Honestly, I thought that I would be able to go onto PubMed or Google Scholar and I would find some excellent reviews and some papers that had covered this.
There was nothing of the sort. In early 2015, I spent three or four months doing nothing but trying to research the history of this, because I couldn’t find any kind of review that had ever been done of this.”
Here’s a quick summary of some of the history he discovered:
• Ophthalmologists were first able to view the macula, the central retina, beginning in 1851, thanks to the ophthalmoscope, invented by German physician and physicist, Hermann von Helmholtz.

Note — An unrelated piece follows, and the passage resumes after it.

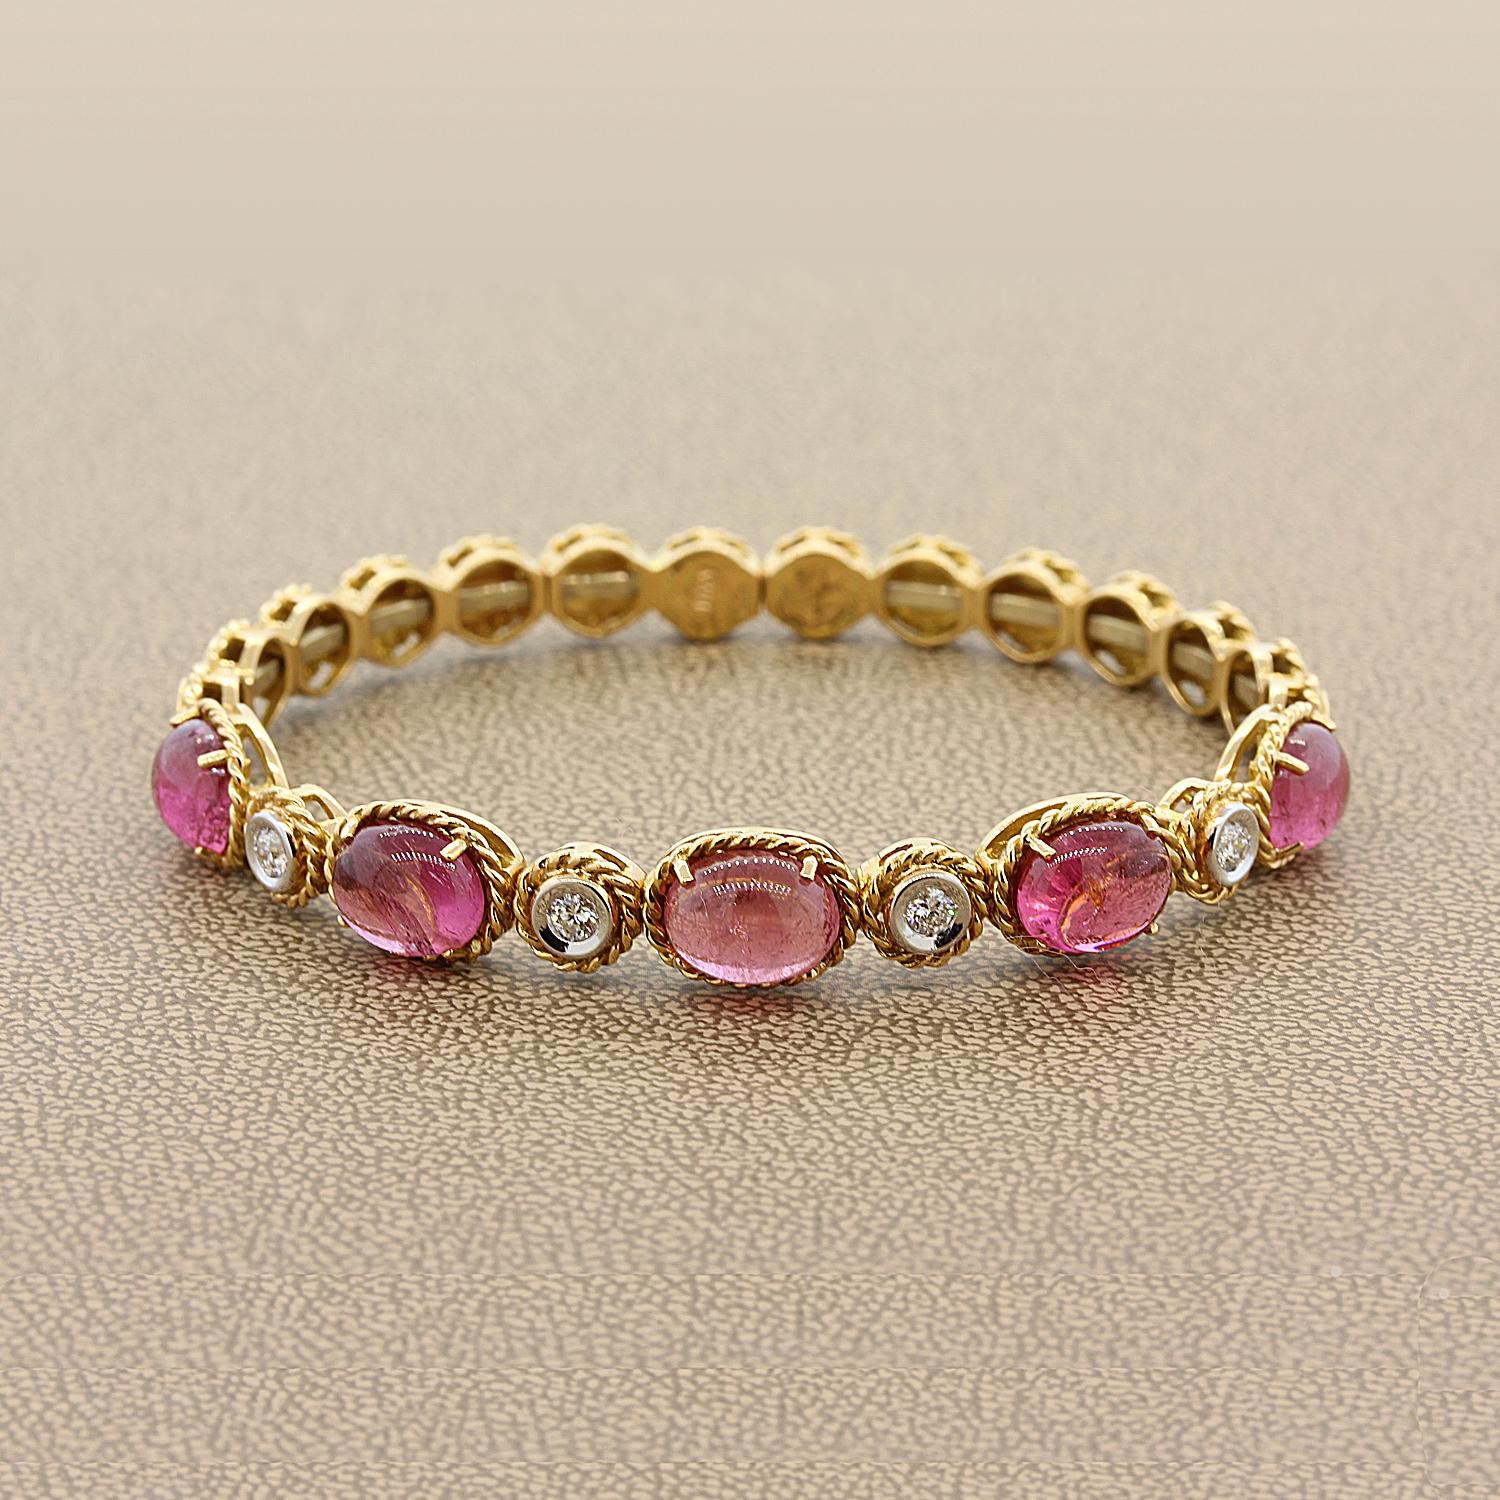 An Italian piece featuring 10.15 carats of smooth pink cabochon tourmaline and 0.32 carats of round cut diamonds. The gems are set in an 18K gold stretch mounting allowing it to fit most wrists. The back of the bracelet is open.

Within 10 years, ophthalmoscope use had spread to every continent of the world.
• In 1855, ophthalmologists started producing atlases of the retina and began taking pictures of it.
• Macular degeneration was described for the first time in 1874 by British ophthalmologist Jonathan Hutchinson.

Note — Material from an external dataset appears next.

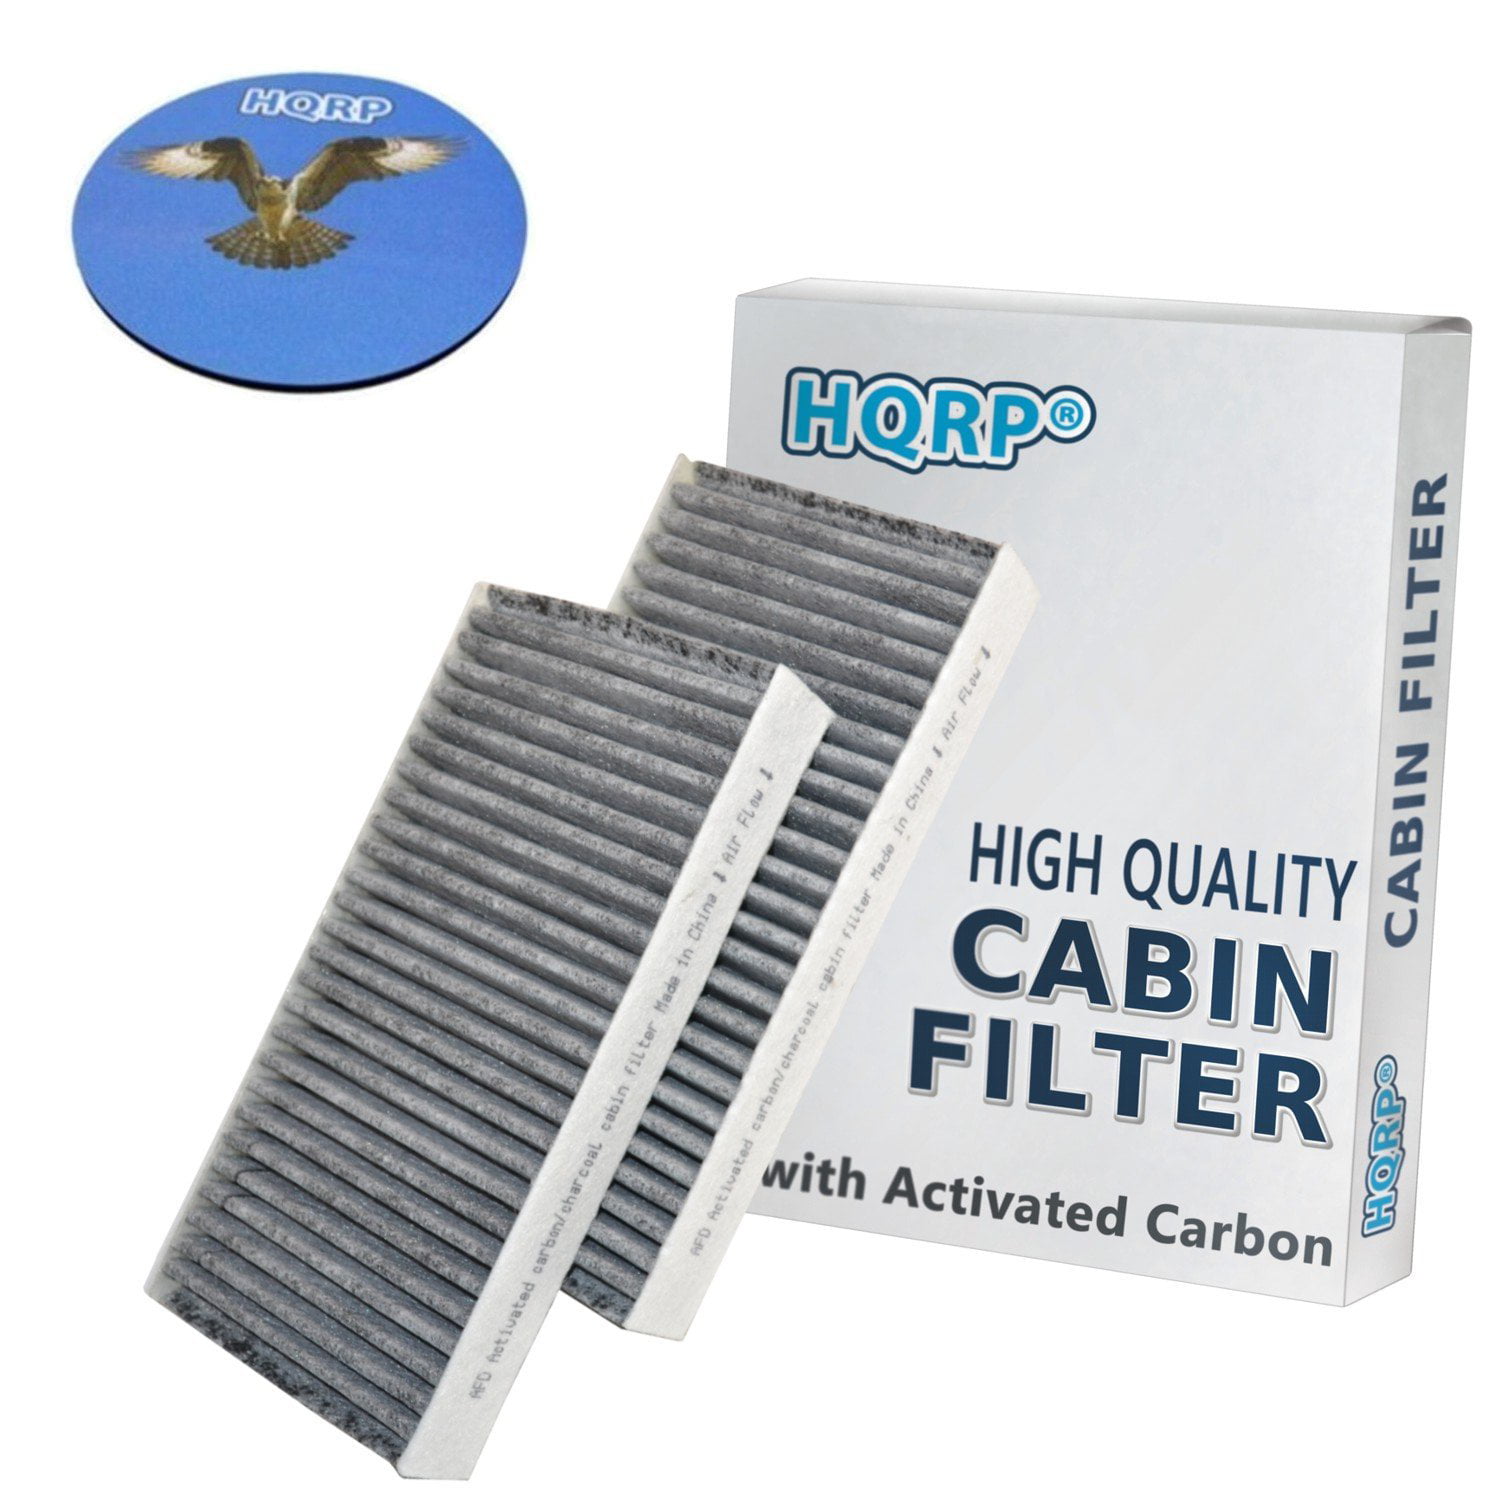 Cabin Air Filter 80292-S5D-A01 for Honda Civic CRV 02-05 Acura RSX 02-06 Element

• In 1895, German ophthalmologist Otto Haab reviewed 50,000 ophthalmic patient records, coming to the determination that macular degeneration was as rare as traumatic maculopathy and myopic maculopathy (a nearsighted kind of macular degeneration) — two exceptionally rare conditions to this day.
• 1889, Austrian ophthalmologist Ernst Fuchs — who went on to become one of the most prominent ophthalmologists in the world over the next several decades — published his first textbook.

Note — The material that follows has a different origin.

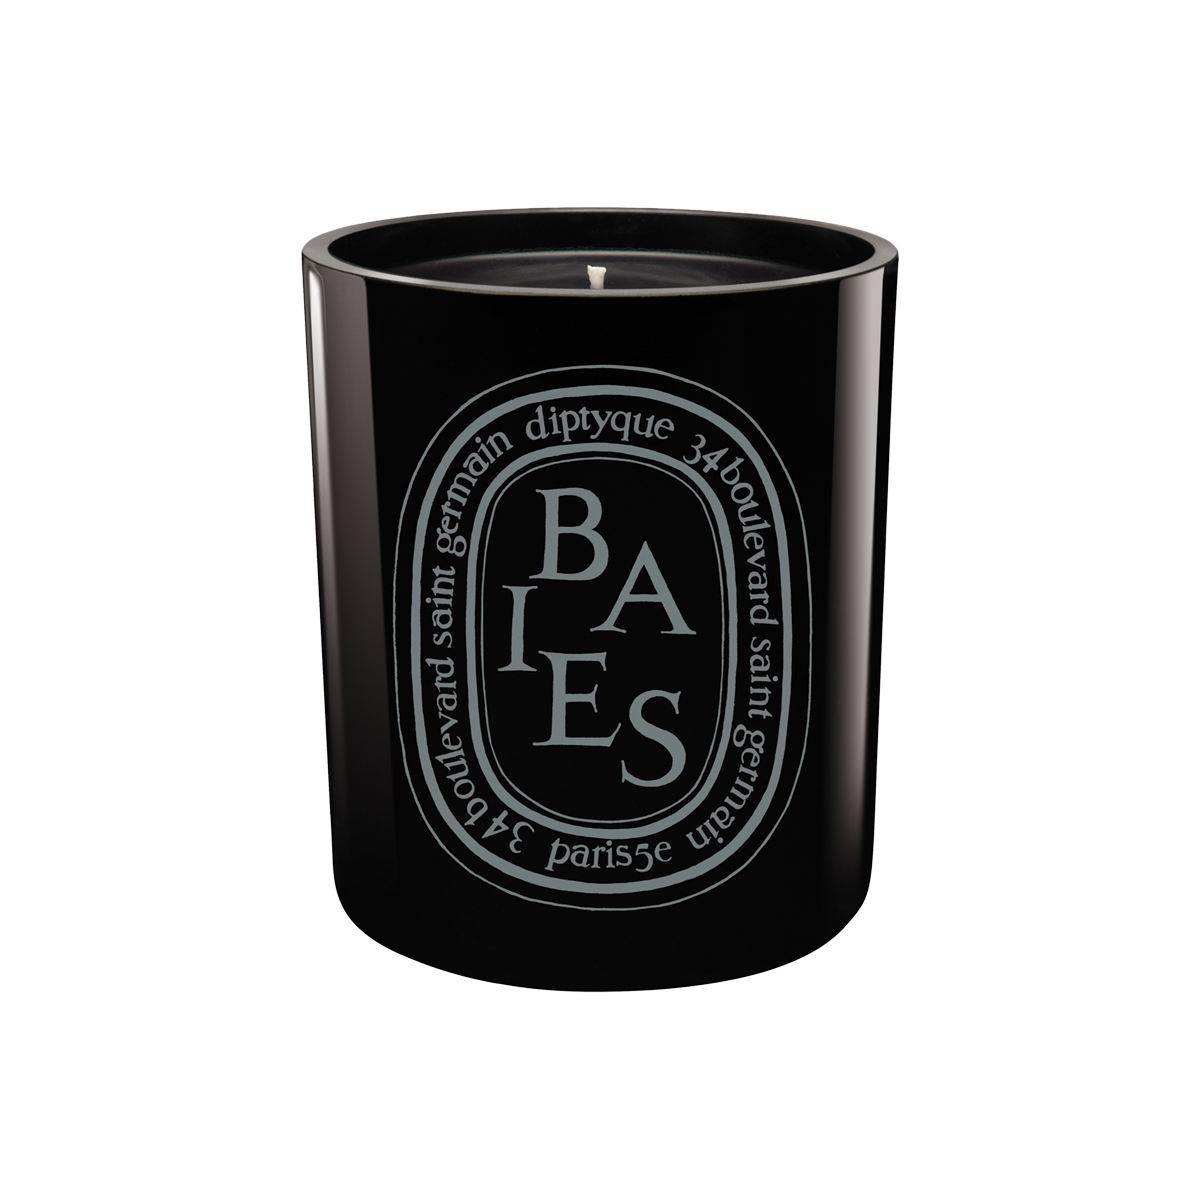 Diptyque - Baies Colored Scented Candle

It’s an 800-page book, and it contains but a single sentence about macular degeneration. “It was basically like a footnote, [that] this condition does exist in the elderly,” Knobbe says. The second edition, published in 1919, stated the main cause of macular degeneration was myopia.
Medical books published over the following decades, all the way up to 1940, contained little or no mention of macular degeneration. Sir Stewart Duke-Elder was the world’s most esteemed and published ophthalmologist from approximately the 1920s to 1970.
In Duke-Elder’s 1927 textbook, there was no mention of macular degeneration at all. But in his 1940 second edition textbook, macular degeneration was given 13 pages. Here, Duke-Elder referred to it as “a common cause of failure in central vision in old people.”
“In 1927, I don’t think he even knew what macular degeneration was, which was typical. By 1940, it was becoming common,” Knobbe says. “By 1975, in the U.S., we had the Framingham study. At that point, 8.8% of Americans over the age of 52 had macular degeneration and 27.9% of those over the age of 75 had macular degeneration.
If you do the math, that translates to about 4.5 million Americans affected with macular degeneration. If you look back 50 years previous to 1925, there was no more than about 50 cases of macular degeneration in all of the world’s literature.”
Now, let me just say that ophthalmologists, their first kneejerk reaction to this is, ‘Well, they weren’t looking.’ I’m telling you, they say that because they haven’t read these textbooks. If you look at these textbooks from the 19th century, these clinicians were extraordinary.
Their attention to detail makes ours look pathetic because they didn’t have magnetic resonance imaging. They didn’t have optical coherence tomography scans like we use, fundus cameras and fluorescein angiography. They didn’t have any of that. They had an ophthalmoscope and they had their eyes. They did extraordinary exams … It [was] just an extraordinarily rare disease.”
According to Knobbe, in 2020 there will be 196 million people with macular degeneration, and it’s expected to increase to 288 million by 2040. As of 2006, 3.15 million people worldwide were legally blind in both eyes due to it. “I did the math and it turns out that in this world, at least 270 people will go blind every single day due to macular degeneration,” he says.